ARSENAL 1  SWINDON TOWN 3
Football League Cup Final:  Wembley, Saturday March 15th 1969

Written on April 10th 1969

This contest provided some interesting conclusions as the result would suggest. A top first division side, defensively the best in the country, were well beaten by a third division team. One wonders why. The Arsenal started in fine style. Armstrong and Radford enjoyed an early superiority over nervous full backs; Sammels was lively - and the back four were scarcely troubled at all. Goals should have come but didn't - had they scored two goals in this period, as they should have, Ure's tragic mistake would not have unsettled Arsenal's morale as much as it did.

Once a goal in arrears, panic began to blur the edges of their play. The front runners became over anxious, spoiling the fine probing of McLintock and Court, while the defence became increasingly vulnerable to Swindon's swift counter strikes. After a continual second half siege, the long awaited Arsenal equaliser came, a just reward and Gould took his chance well. Now surely a trophy would land at Highbury, after an interval of nineteen years.

Extra time revealed an Arsenal team dispirited, run off its feet and finally well beaten. After conceding the second goal they had absolutely nothing left in hand. McNab was given a roasting, Storey's somewhat tenuous reputation was in tatters, while poor McLintock strived hard to provide the ammunition his front men dashed against a dominant, rock-like Swindon defence.

As the dejected yellow shirted figures trooped from the pitch one could almost see the ghosts of Herbert Chapman and Tom Whittaker quietly reassuring Bertie Mee that the Arsenal's time will come again before very long. As an afterthought it would be nice to see Frank McLintock on a winning side at Wembley - he deserves it.

And what of the team that won. Understandably nervous and tense in the opening quarter, Smart's goal (he surely deserved it for dogged persistence) was just the tonic they needed. One could see the Wiltshire team grow in confidence and begin to enjoy the awesome experience of their first Wembley final.
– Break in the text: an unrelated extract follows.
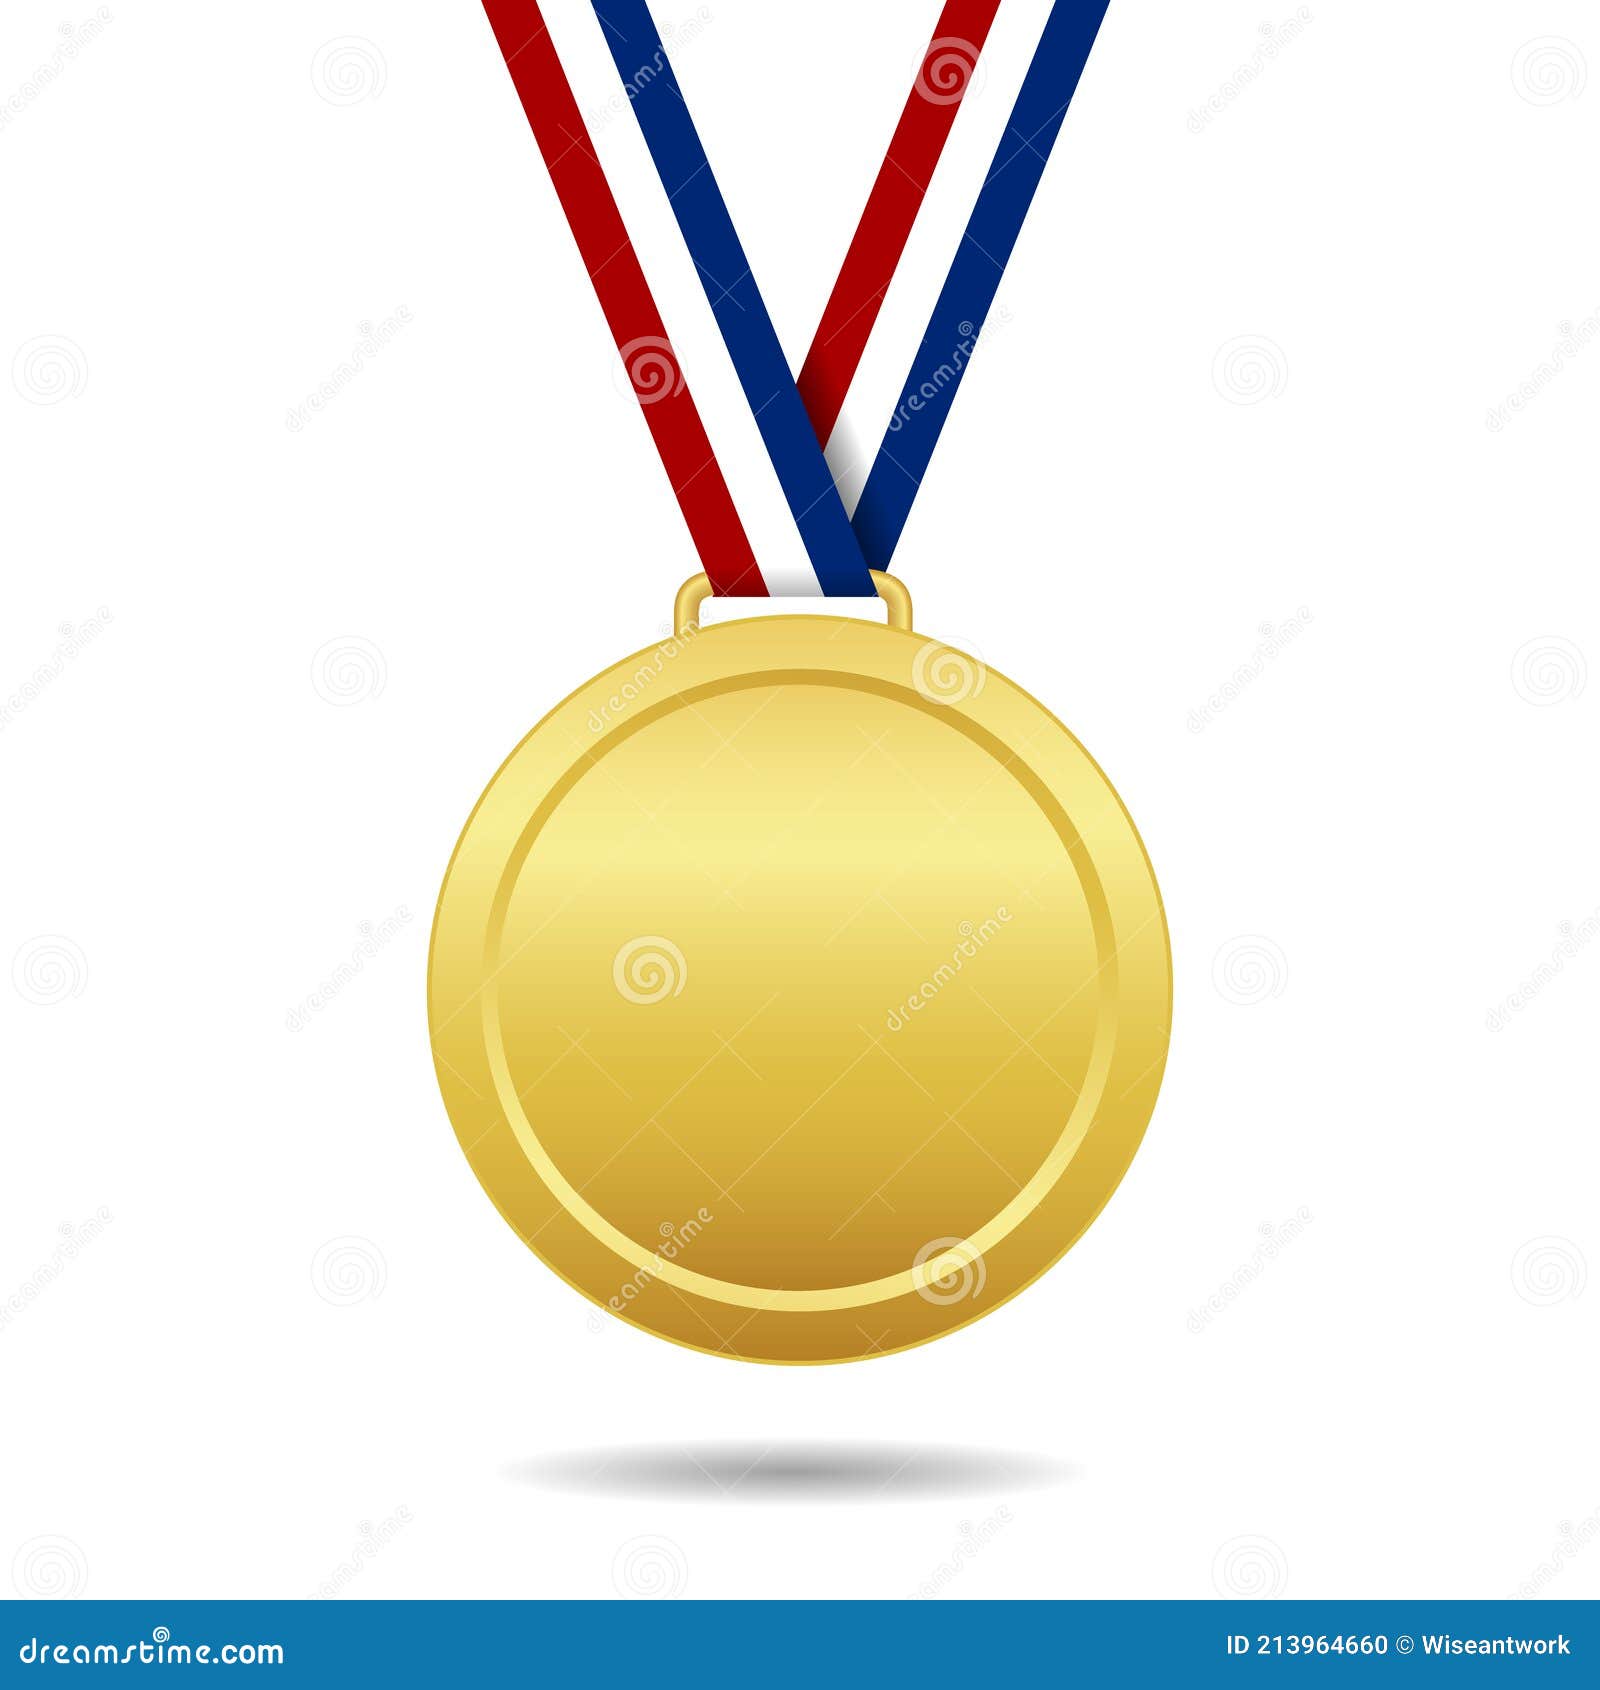 https://thumbs.dreamstime.com/z/medalla-de-oro-con-lazo-trofeo-del-ganador-premio-por-plaza-campeonato-aislada-sobre-fondo-blanco-medall%C3%B3n-cinta-para-campe%C3%B3n-213964660.jpg
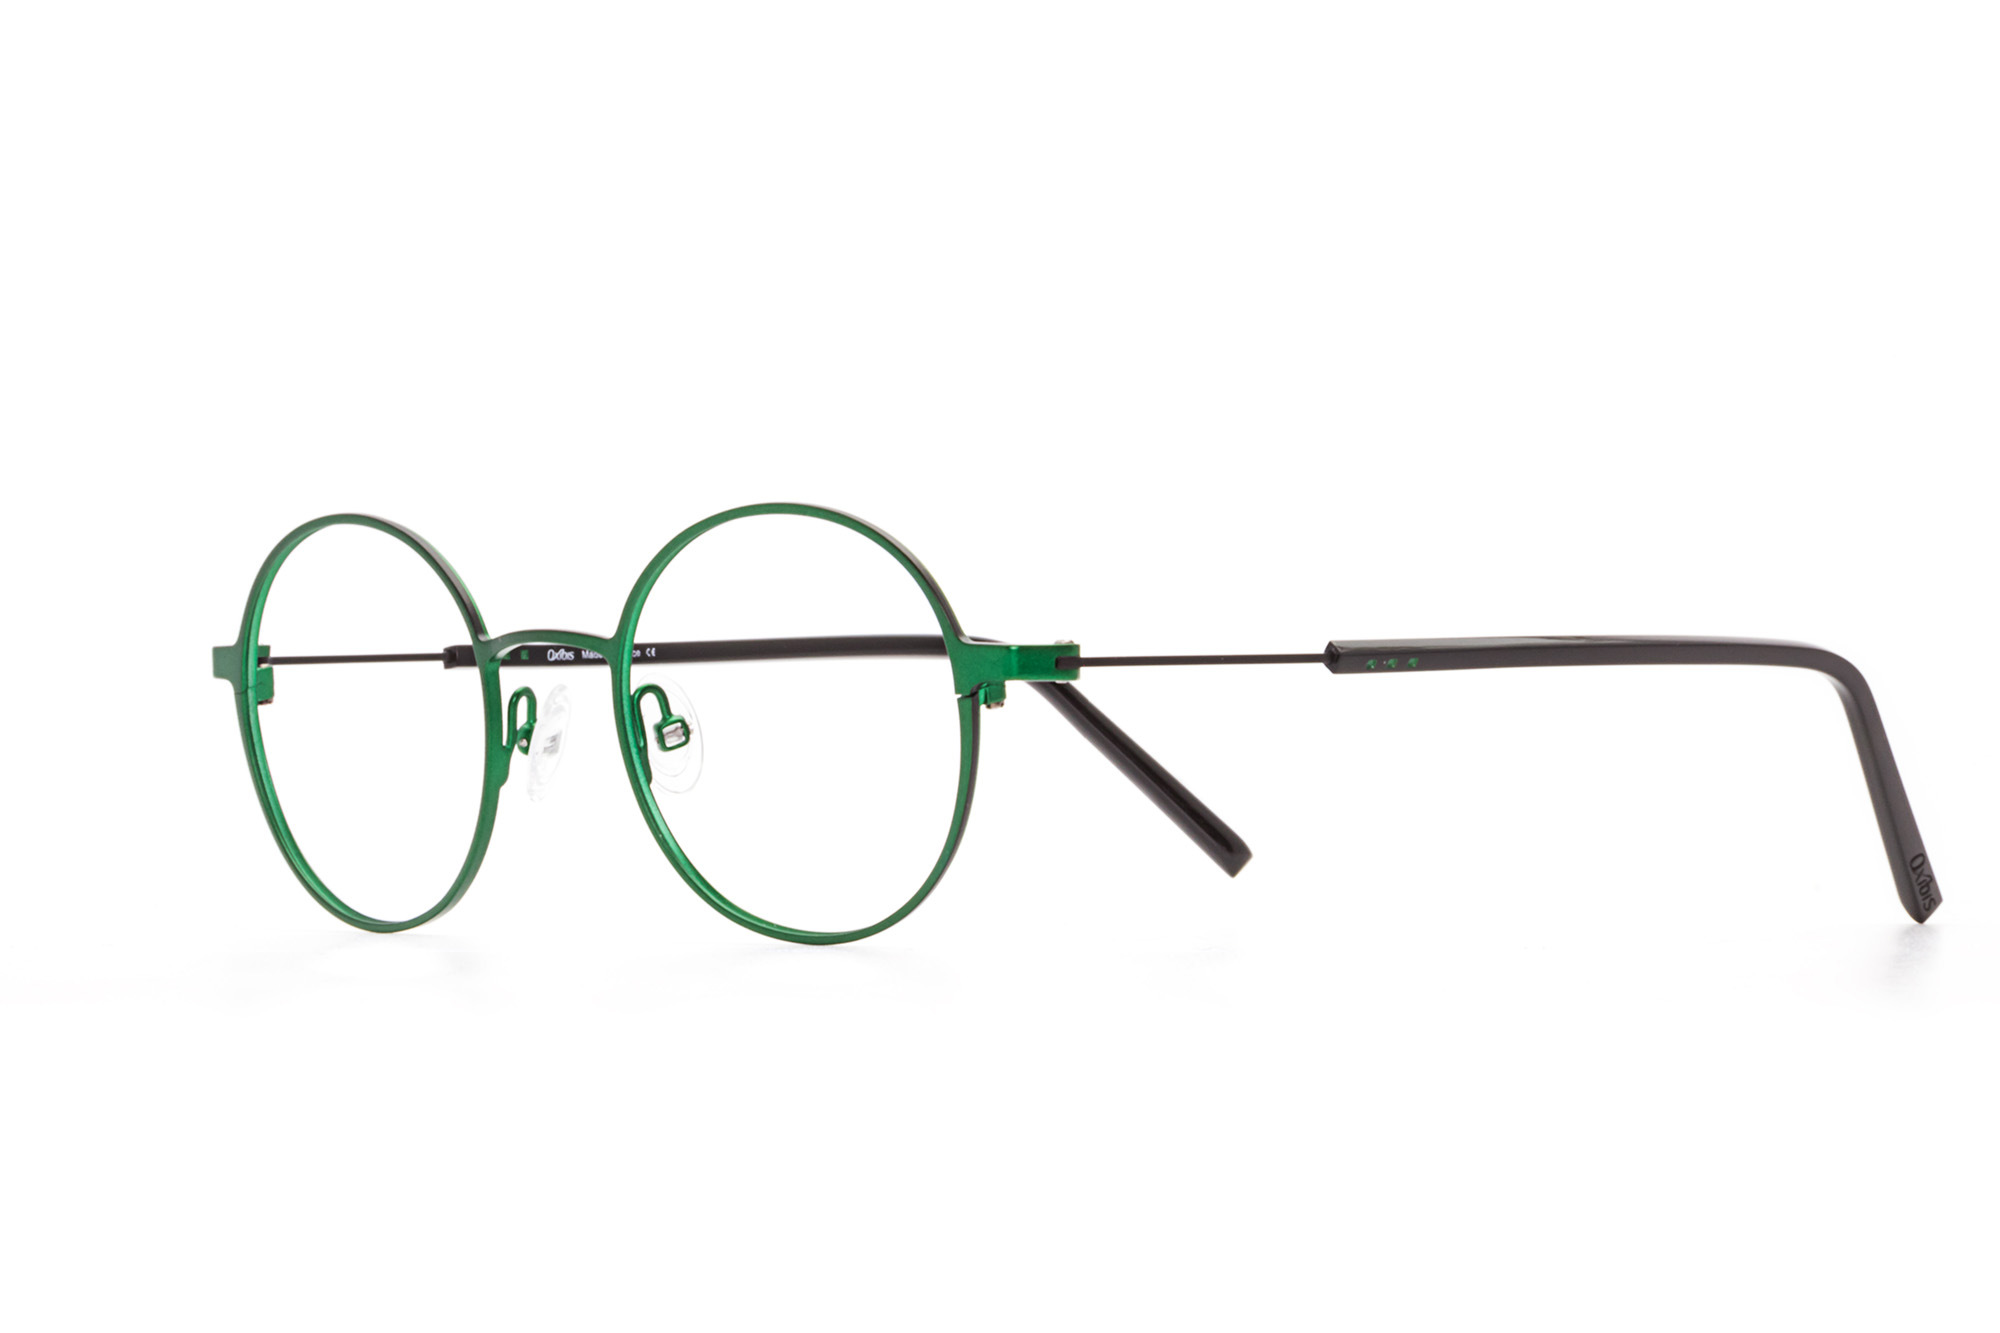 Oxibis Boost 6 BO6C5 47 küçük ekartman siyah ve yeşil renkli yuvarlak model numaralı unisex optik gözlük çerçevesi

Theirs was a total team effort, every player performing his role superbly, but individual moments are worthy of praise. How Downsborough saved one shot from Sammels must surely have mystified everybody, most of all Sammels himself; Rod Thomas proved himself an excellent young full back, the lynch pin of Welsh defences to come, although Armstrong gave him a torrid time early on; Burrows and Harland were effective stoppers with a highly developed understanding; Noble and Smart ran hard and well, while Heath made McNab look anything but an England back. But above all was the performance of Don Rogers. He perhaps more than any other Swindon player destroyed Arsenal, his first goal was worthy of Jimmy Greaves at his poaching best, while his second was a classic, receiving the ball in his own half, accelerating away with blistering pace and finally rounding Wilson to shoot into an unguarded net. I certainly hope Sir Alf Ramsey took note, what Rogers did here he could easily do in Mexico. This goal set the seal on a remarkable victory and provided 30,000 ecstatic Wiltshire supporters with a day to remember.

But perhaps the last word should be left with Bertie Mee. When Don Rogers was on offer last season, Mee showed no interest, claiming to the press that Rogers was "too inconsistent". Somehow those words had an ironic flavour to them today.